Saturday, March 3, 2012

ride to boston (lyn)

Get up early to make the 8:30 Bolt Bus up to Boston.  Though I had meant to pack light, my small suitcase and large tote do not reflect this plan.  I always take enough reading material in case we get stranded for a few days.  I bring few clothes, but the other stuff (DVD’s, books, magazines, water, thermos of coffee, three ice packs for the lobster meat I hope to bring home, an extra coat because the weather is supposed to be cold one day and warm the next, computer and charger, Kindle and charger, iPhone and charger) adds a lot of weight.

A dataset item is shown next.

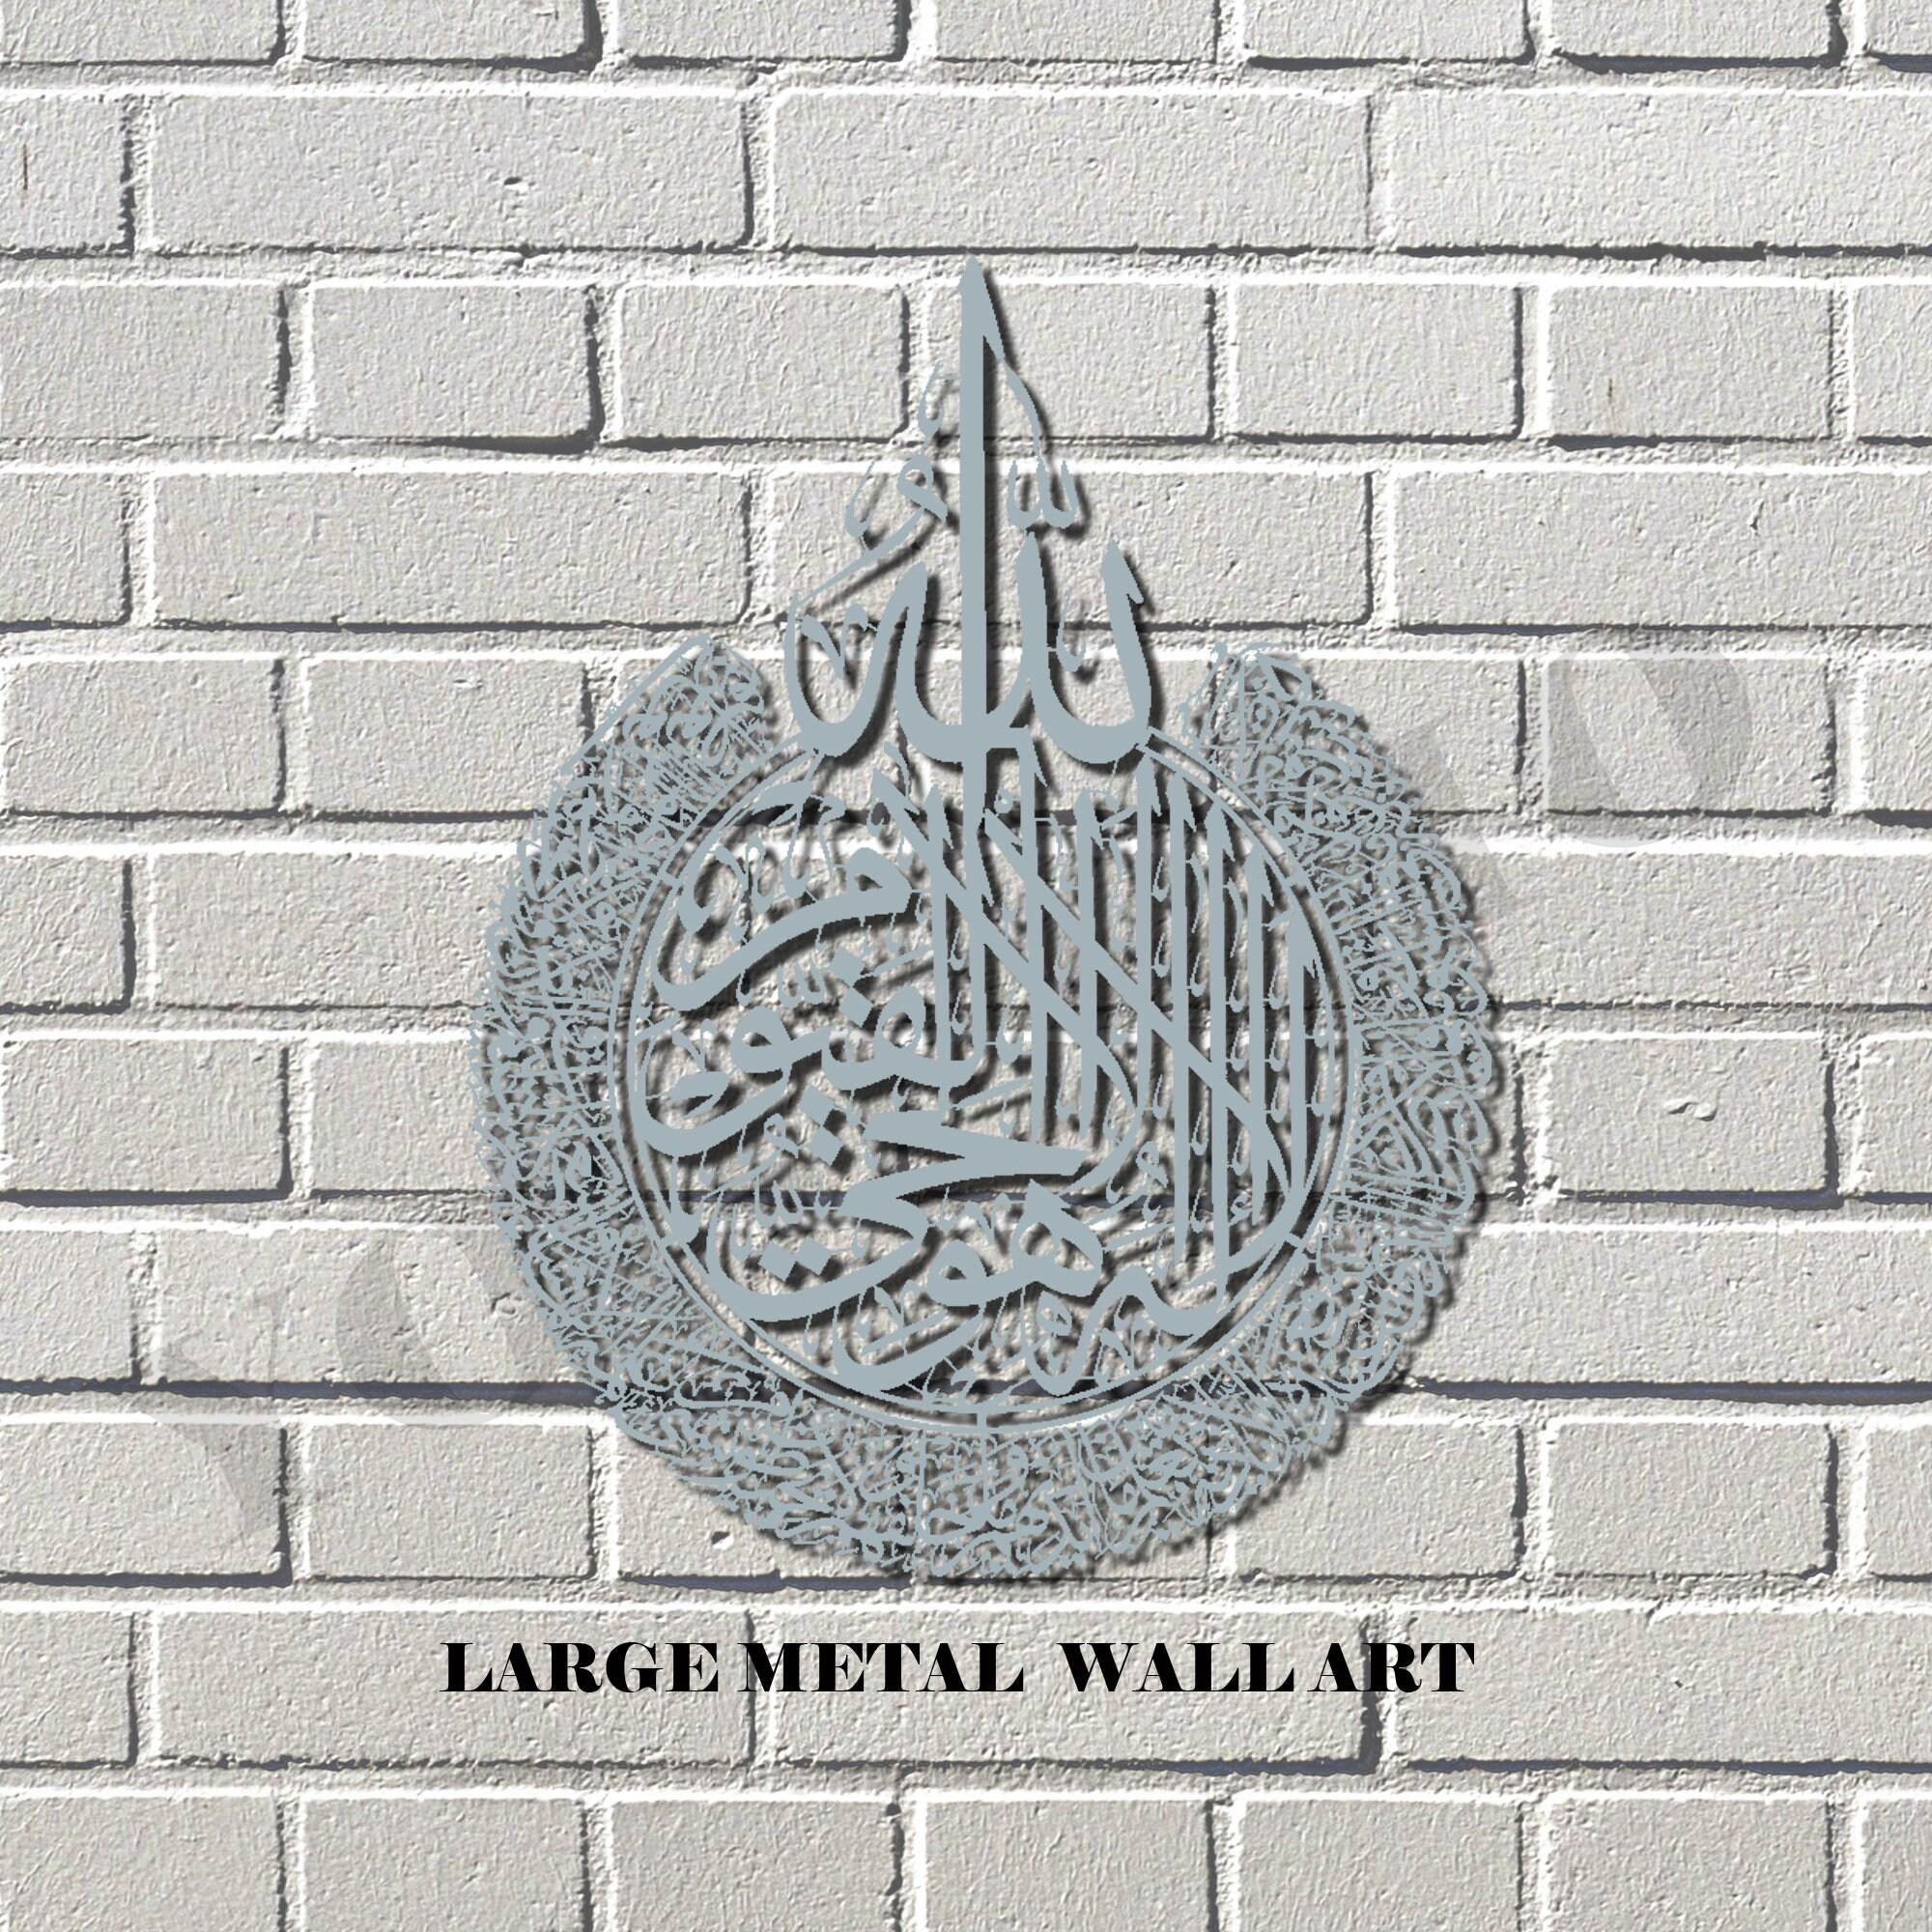 Metal Ayatul Kursi Wall Art Islamic Wall Art Eid Gift
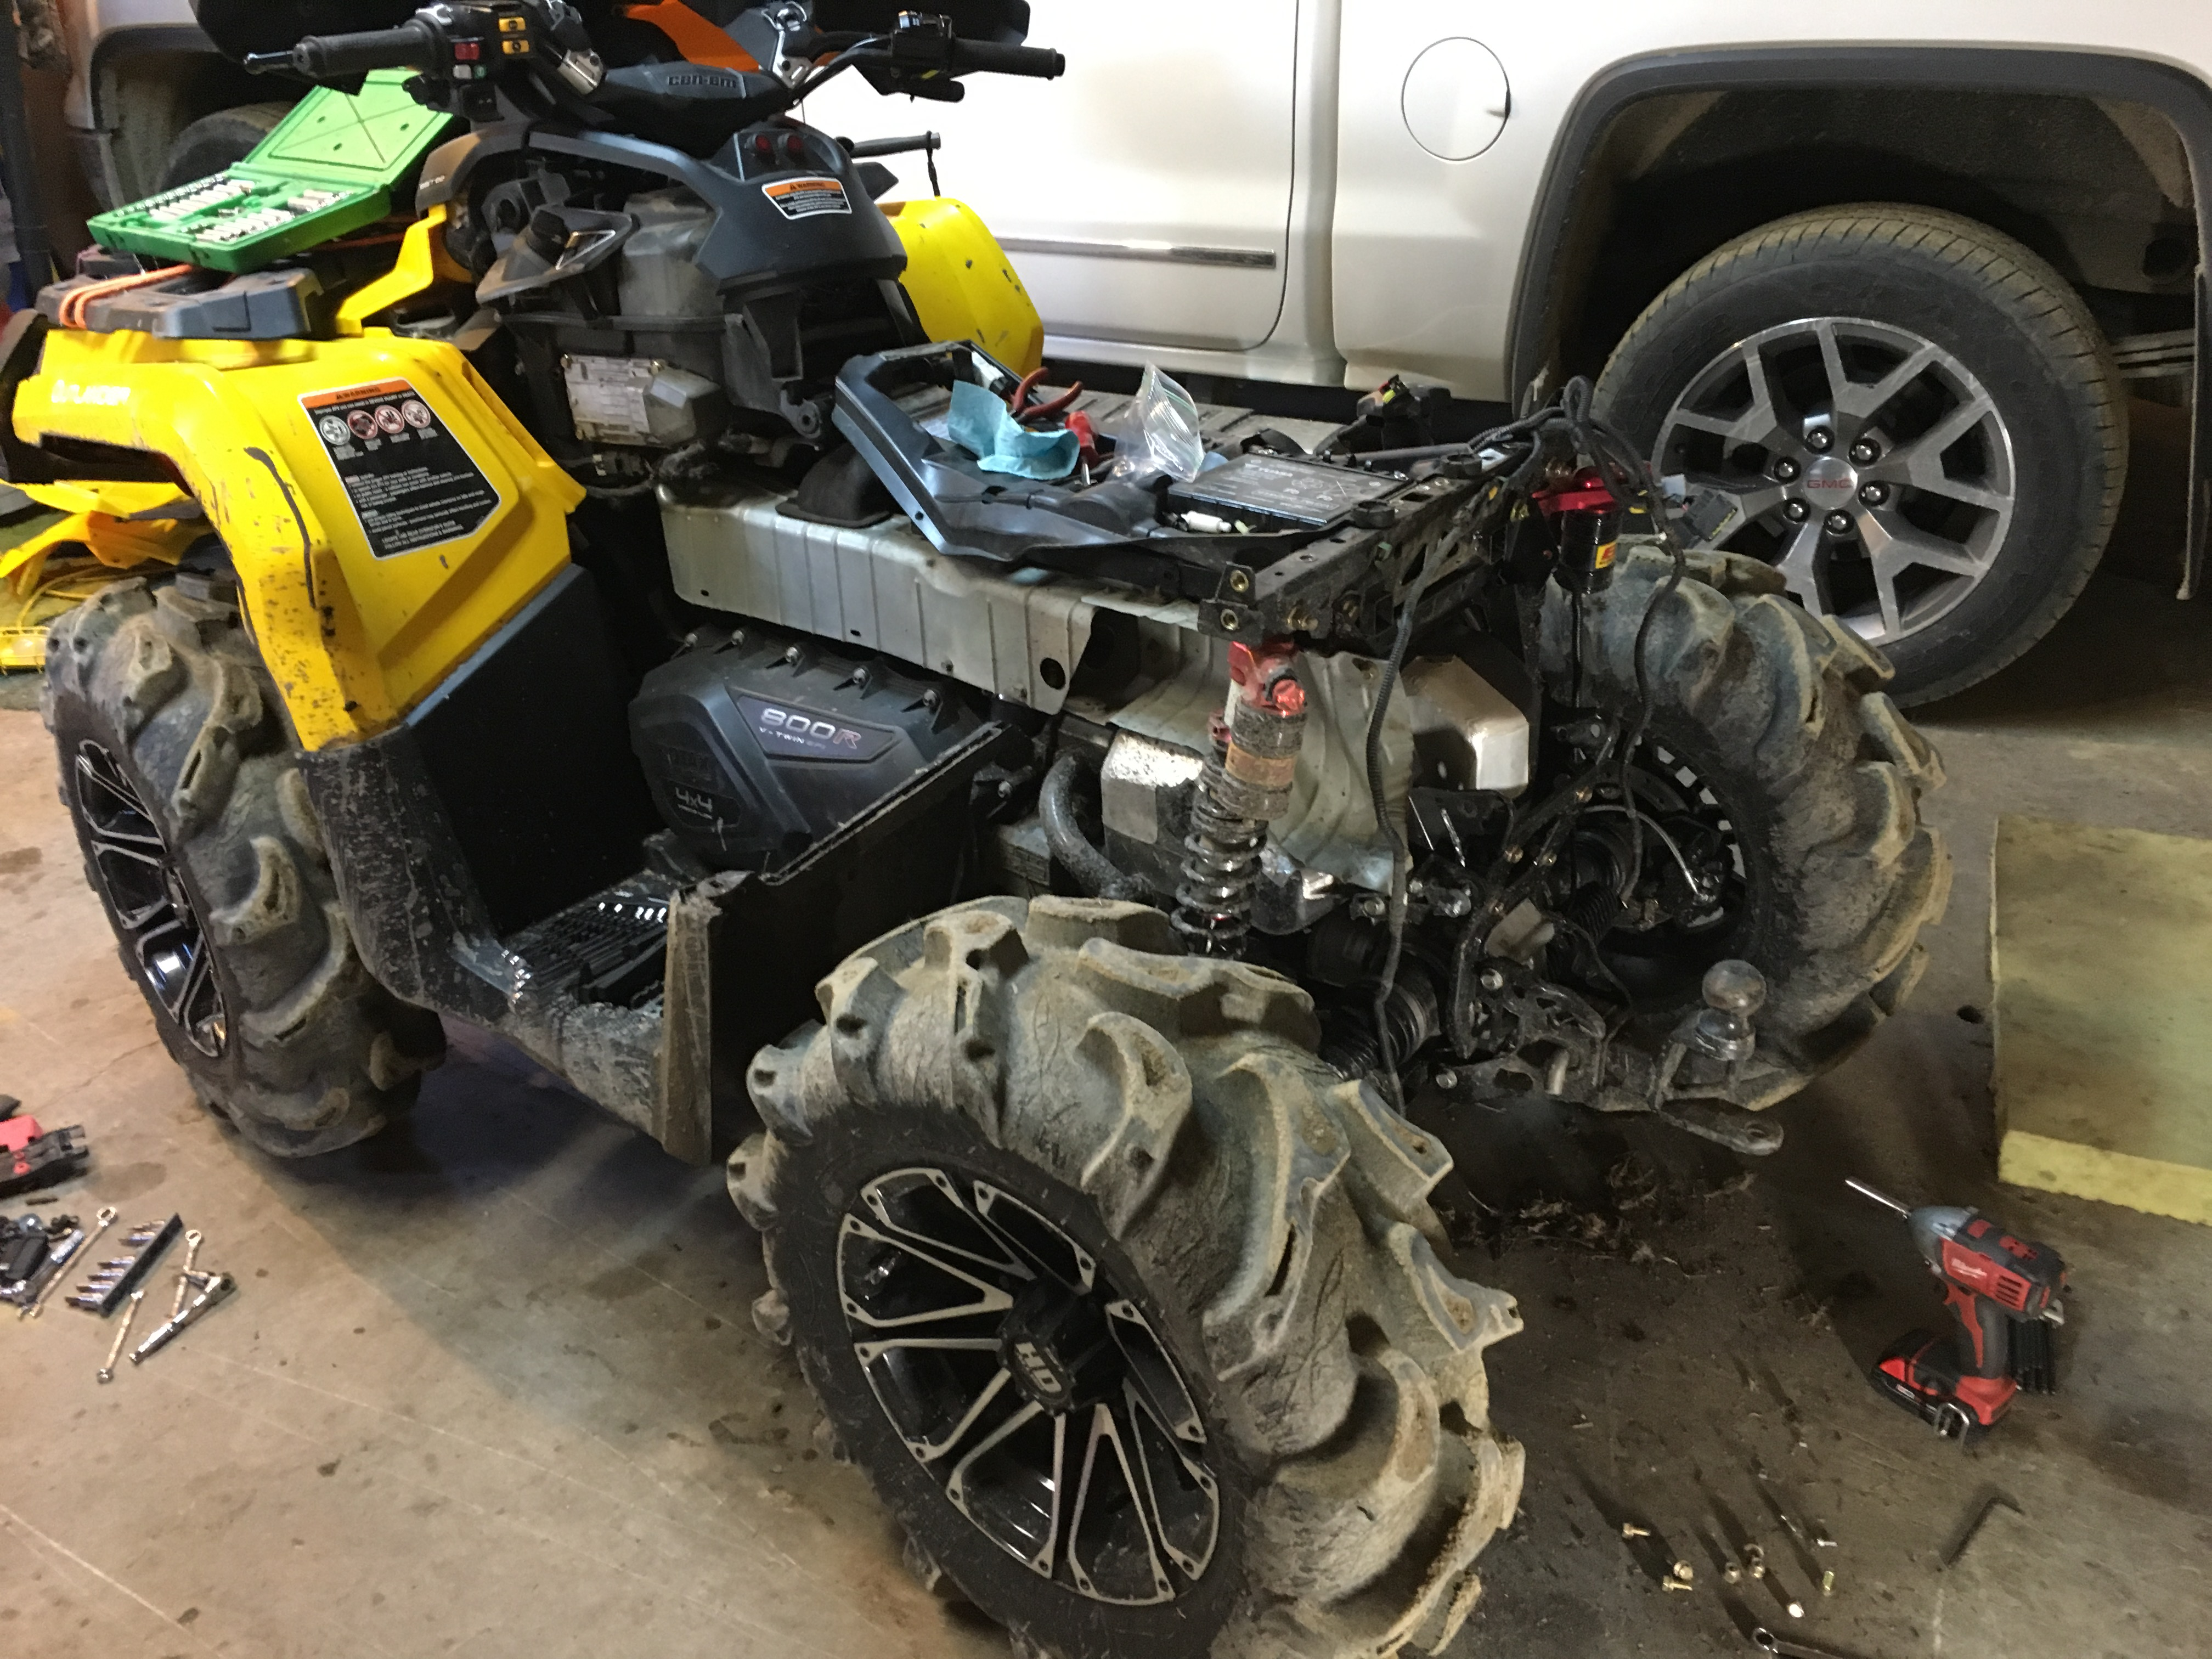 Special Type Spark Plug 2014 Can-Am Renegade 1000 ATV

I leave my home about 7:30 and have a very chatty cab driver.  By the time I exit the cab, I know his entire life story and that of his three children and ex-wife.  I get to the stop so early that I’m able to make the 8 o’clock bus that I didn’t even know existed.

The bus is full except for one empty seat that has a backpack on it.  It is the front seat, so I ask the driver if it’s his.  He responds that it is, so I say, “I’m just going to put it in the overhead bin.”  “Oh no you’re not.  It stays on the seat.” I begin to argue with him and he suggests throwing me off the bus.  I don’t want another Bolt-bus incident so I move to a seat in the back.

I have my coffee, and am looking forward to the chocolate croissant I bought at Agata yesterday.  It’s a foggy morning and quite mystical. 

Soon, the man behind me is sound asleep, snoring so loudly that I hope he doesn’t distract the oh-so-nice driver.  The woman across the aisle is on her cell phone, where she is talking via some bluetooth devise so it looks like she is talking to herself.  Her conversation is loud, personal, and uninteresting.  And someone else has his music cranked up so loud that I can hear an irritating noise but no melody.  But the ride is costing me nothing (I earned enough Bolt Bus credits for a free ride) so I try and ignore the annoying sounds surrounding me.

Finally, we are cruising along.  Time for my croissant.  I search through my overflowing tote.  I take out my computer, my books, my magazines, my phone, my coffee thermos, my water, my Kindle, my papers.  It’s not there.  I am starving, having now been up for about two hours, and it’s a long ride to Boston.

Mercifully, the driver makes a stop at a McDonalds.  I haven’t been to one in many years.  But the 300-calorie egg McMuffin looks awfully good.  I get one and it is.